How to Extract Images from PDF and preserve transparency?

Aaron_Gravesdale · June 29, 2011, 1:47am

Q: We are currently trying out the demo version of the pdfnet sdk for
consideration for a purchase. I'd like to know how to extract png's
and tiffs from a pdf and preserve the transparency. I've tried the
sample project but the generated images are not preserving
transparency.
--------------------

A: As a starting point you may want to take a look at ImageExtract
sample project:
http://www.pdftron.com/pdfnet/samplecode.html#ImageExtract

Please keep in mind that PDFs do not contain embedded PNG or TIFF
images.

PDF images can be associated with a Soft mask (that may not be of same
dimensions as the base image; in other cases the soft mask may be
vector based or it could be derived from a PDF 'page'). In PDF a soft
(or image) mask is used to compute the alpha value of a bitmap.

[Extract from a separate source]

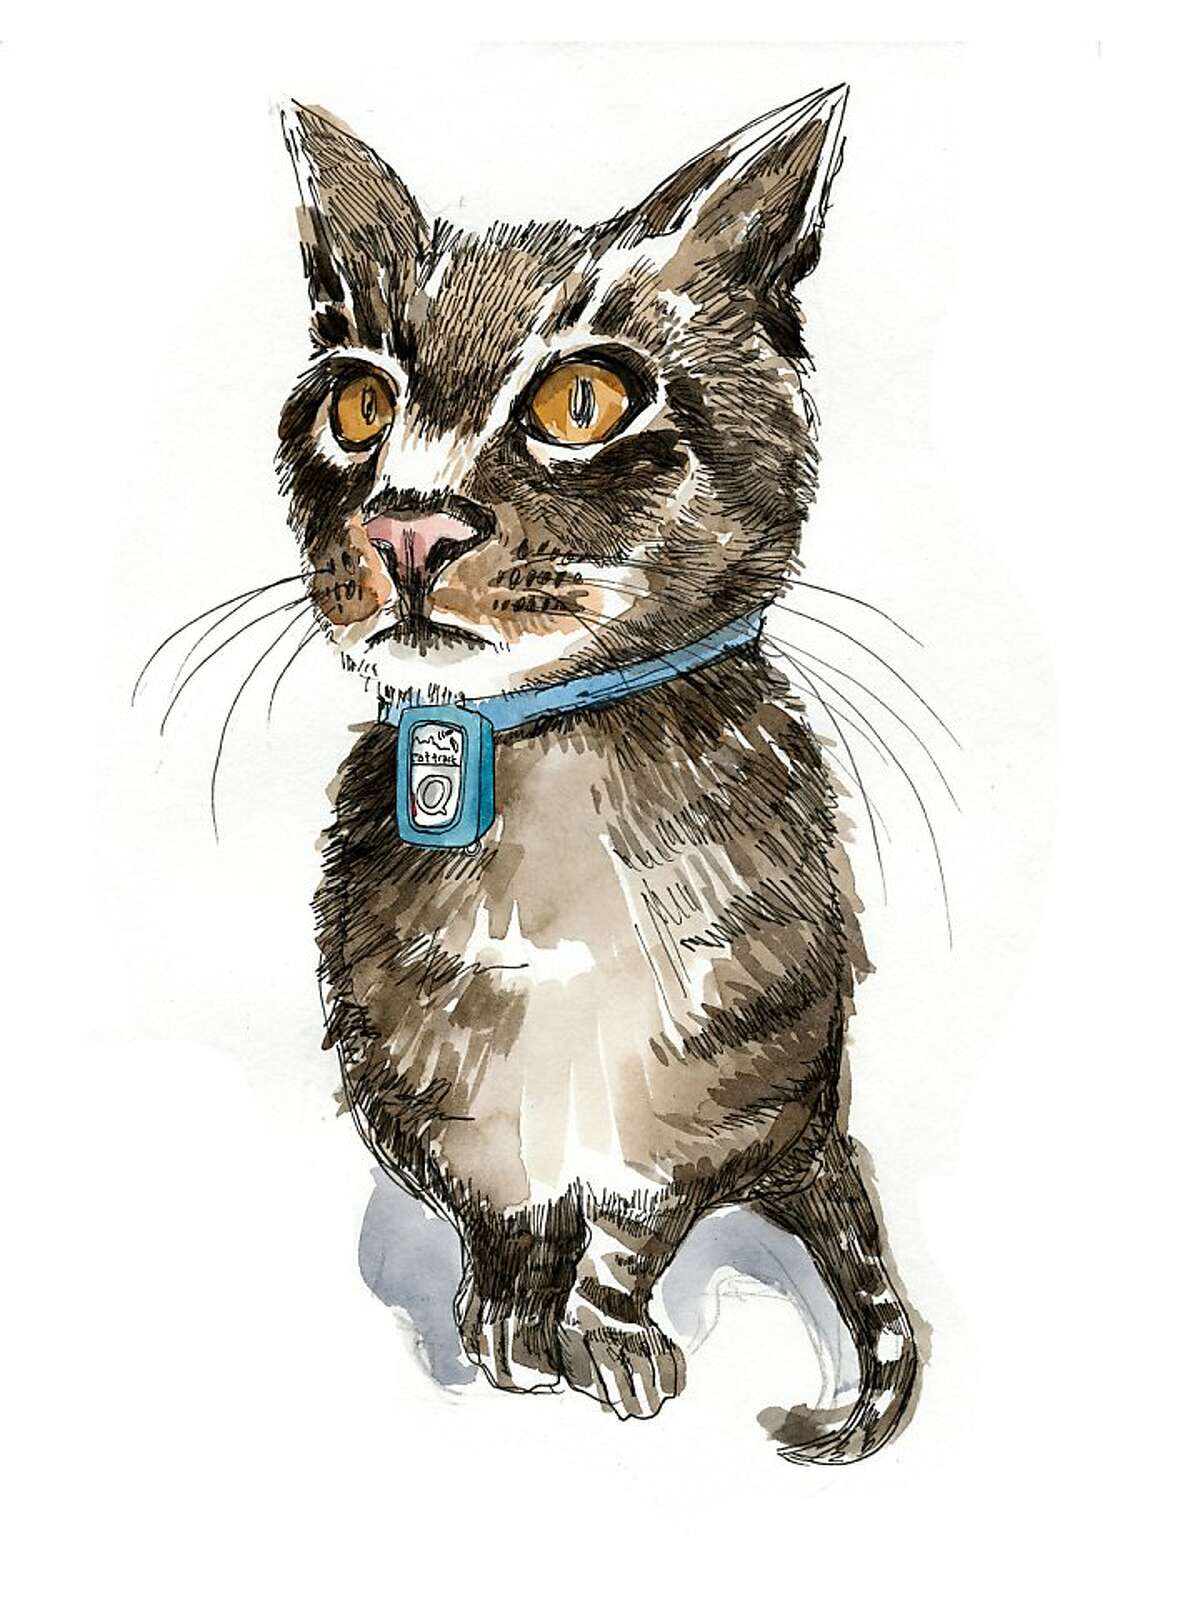 A drawing of Tibby, from Lost Cat, by Caroline Paul and illustrated by Wendy MacNaughton

You can check if an image has a soft mask using image.GetSoftMask()
(or image.GetImageMask() to check for image mask). For example:

If (image.GetSoftMask() != null) {
Image soft_mask = new Image(image.GetSoftMask());
soft_mask.Export(...);
}

If (image.GetMask() != null) {
Image bin_mask = new Image(image.GetMask());
bin_mask.Export(...);
}

Unfortunately there may be also a soft mask in the Graphics State so
the alpha value may be influenced by content that is outside of domain
of the XObject.

One way you could extract images exactly as they are shown in PDF is
to use PDFDraw to rasterize PDF pages, but set page.SetCropBox(bbox)
before rendering - based on the bbox of a given image element
(element.GetBBox())